Taking a More Holistic Approach to Global Health Education

In the early 1900s, a course of study at the London School of Hygiene and Tropical Medicine might have meant traveling to a hut in Italy for several months to study the causes of malaria.

Or it might have included sailing to the West Indies to help a team of researchers investigate something called filariasis, a pathogen that seemed to be spread by mosquitoes. It could even have meant heading to Africa to help combat outbreaks of bubonic plague or dysentery.

“The colonial legacy gave rise to schools of tropical medicine,” explained Dr. Peter Piot, who has been the director of the school since 2010. “Belgium, Germany, France, Portugal — all colonial powers had them.”

Such schools’ main purpose, according to Dr. Piot, was to study sicknesses endemic to overseas territories before the diseases reached the European countries’ shores, usually carried by sailors returning home.

Today, medical academics say that in an interconnected world, the study of such illnesses has become more complex. Researchers have realized that factors outside biology contribute to patients’ well-being. Addressing public health goes beyond microbes and pathogens, they say, to factors like socioeconomic status and politics.

“Old-school tropical medicine is really a thing of the past,” said Joep Lange, the head of the department of global health at the University of Amsterdam. “All tropical medical schools in Europe have to globalize and connect with top scientists or else they will become obsolete.”

Physicians and academics say that the new approach means thinking about health more broadly, taking into account issues like malnutrition, contaminated water, inadequate health care and government inaction.

With that in mind, a student studying international medicine in 2012 might still travel abroad to learn about new diseases, but might also attend a series of lectures given by anthropologists, political scientists and economists.

Courses these days could include the study of cross-cultural psychiatry, with students chatting online with their counterparts in the Somaliland region of Somalia. Course catalogs have offerings like “The Politics of AIDS in Africa” and “Medical Humanities,” demonstrating the cross-disciplinary approach of 21st-century global health.
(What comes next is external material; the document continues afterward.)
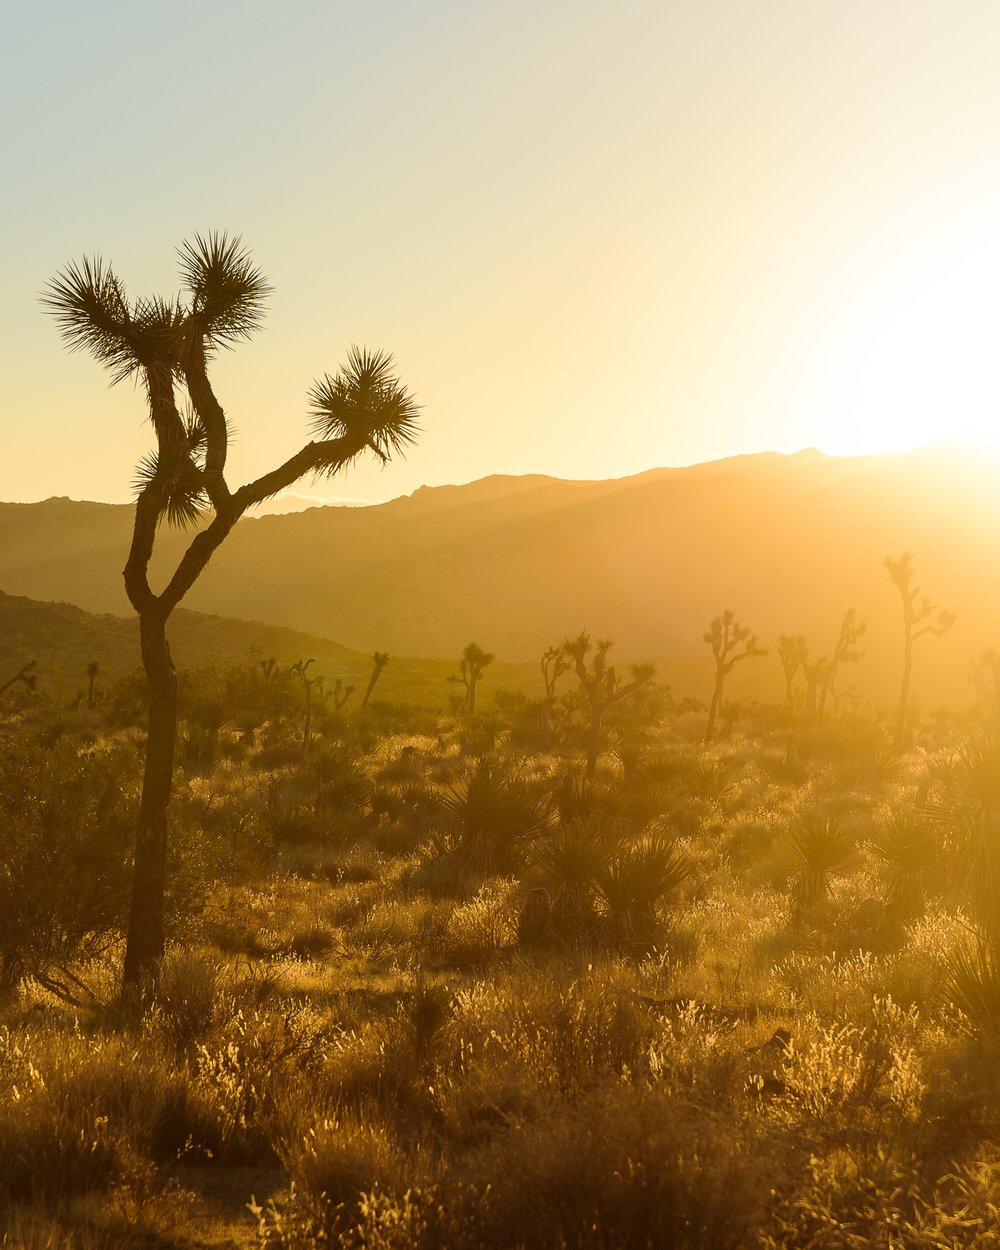 down_dusty_trails_joshua_tree_sunset_glow.jpg

Students are also driving the trend.

Mike Kalmus-Eliasz is the global health education director of Medsin, a British student organization that focuses on global health. “I wanted to do something that was a little bit different, and I think that’s generally the case with a lot of students who get involved,” he said. “They are interested in medicine, but they are also interested in the world outside of medicine.”

While in medical school at King’s College London, Mr. Kalmus-Eliasz and his fellow students worked to organize conferences and lectures on aspects of global health that were not normally covered in their curriculum.

Academics acknowledge that universities often lag behind when it comes to formally modifying medical school curricula to include courses that go beyond traditional classes like anatomy and biology.

So medical students interested in global health are going outside of the classroom to learn — independently organizing ad hoc courses on topics like infectious disease and health care economics, attending international conferences on global health and, in some cases, traveling abroad.

“In the old days, you only had people going to the colonies, and then they came back and became professors,” said Pieter van Dooren, who works at the Institute of Tropical Medicine in Belgium.

In Amsterdam, where students say that global health is still a relatively new idea, students like Stijntje Dijk work to create awareness of global health issues, organizing extracurricular lectures and conferences while advocating for more global health courses in medical schools. Ms. Dijk belongs to the Netherlands branch of the International Federation for Medical Students’ Associations.

“It’s part of your own responsibility to acknowledge that the medical curriculum isn’t sufficient to become the best doctor you can be,” Ms. Dijk said.